Washington, D.C. 20009
(202) 588-1000

Attorneys for Marvin M. Masters and Anthony J. Majestro

December 14, 1999

 

ENDNOTES

1. AcroMed's papers make no distinction between Ms. Lloyd and her lawyers. However, in pursuing her West Virginia suit, Ms. Lloyd is simply acting on her lawyers' advice and should not be held in contempt whatever this Court ultimately decides about her lawyers' conduct. This Opposition is filed on behalf of Mess'rs Masters and Majestro. Ms. Lloyd is separately filing a joinder in the arguments set forth in this Opposition.

2. Ms. Lloyd's original declaration is attached to her separate joinder in this Opposition. See supra note 1.

3. The Ninth Circuit later held that the same non-opt-out MDL settlement did not afford consumers in Arizona and Wisconsin due process and, therefore, did not have binding effect on their claims for money damages. Brown v. Ticor Title Ins. Co., 982 F.2d 386, 392 (9th Cir. 1992), writ dismissed as improvidently granted, 511 U.S. 117 (1994).

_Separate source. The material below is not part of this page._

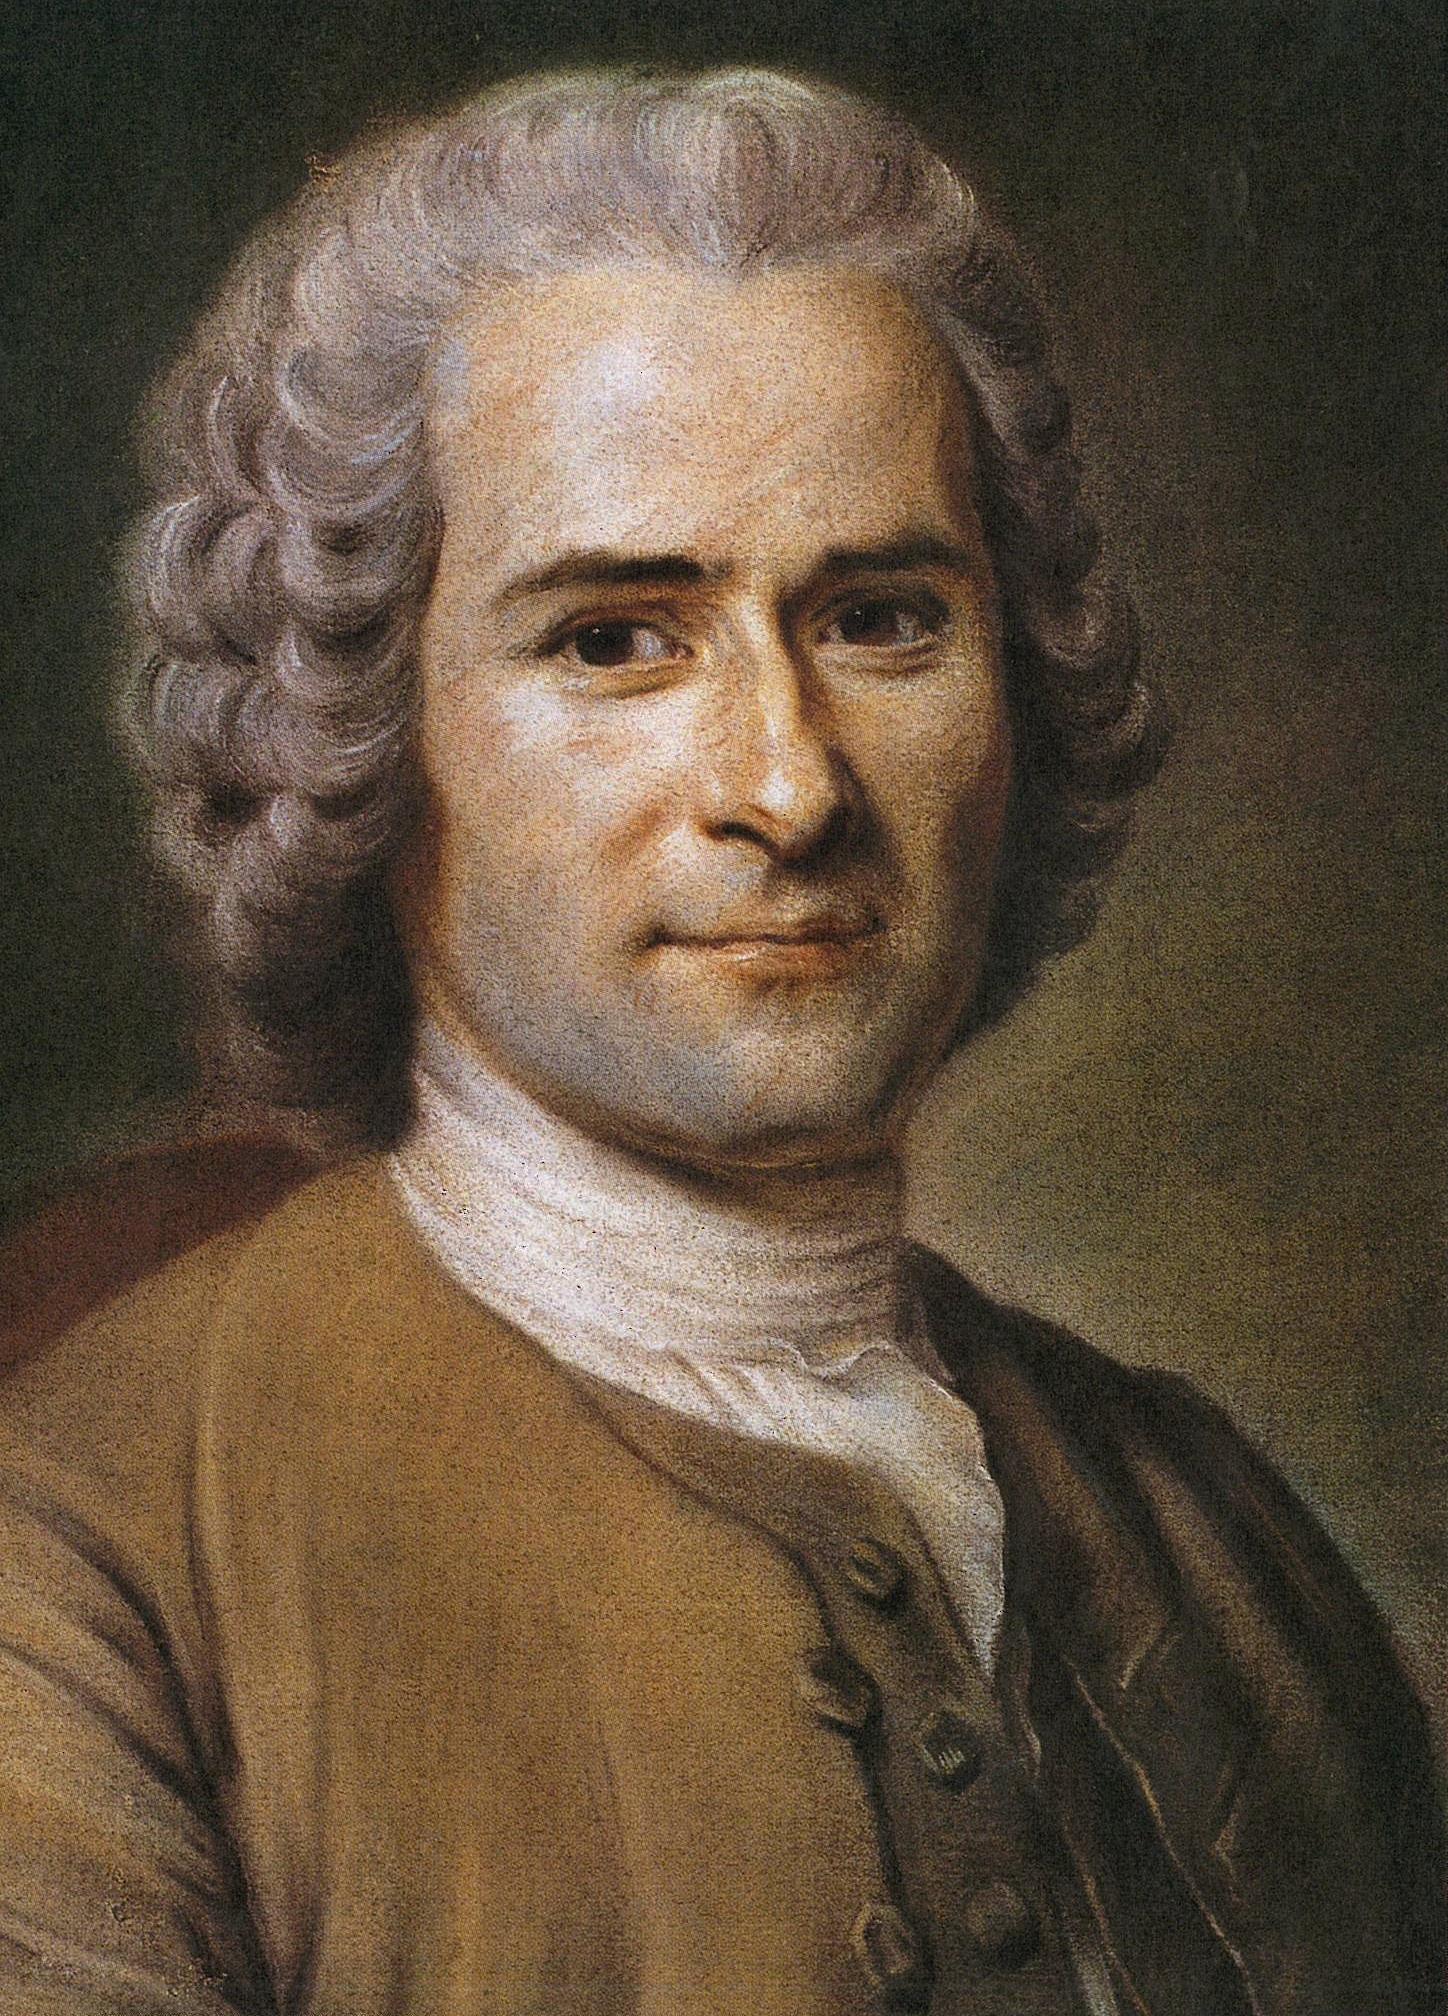 Portrait of Jean-Jacques Rousseau (1712-1778). Maurice Quentin de La Tour (1704-1788).

4. Dr. Rosen also testified at a November 19, 1998 fairness hearing in support of a purported limited fund settlement in In re Telectronics Pacing Systems, Inc., MDL 1057 (S.D. Ohio). At that hearing, when questioned about his testimony at the AcroMed fairness hearing, Dr. Rosen stated that his valuation of AcroMed was based on the company's value in the absence of the class action settlement. See Nov. 19, 1998 Transcript in Telectronics, at 109, attached as Exhibit 5. As indicated in the text, Dr. Rosen's valuation of AcroMed at $104 million, and this Court's findings thereon, assumed that the company was worth $104 million with the class action settlement, i.e. with the litigation put behind the company. See also MDL 1014 April 23, 1997 Fairness Hearing Tr. at 121, 139-41. If Dr. Rosen switched his story for the convenience of the Telectronics fairness hearing, that obviously undermines his credibility. In any event, if $104 million was the value of the company in the absence of the settlement (i.e., as reflected in Dr. Rosen's Telectronics' testimony, not his testimony before this Court), that might explain why AcroMed sold for more than four times that amount shortly after the settlement was consummated.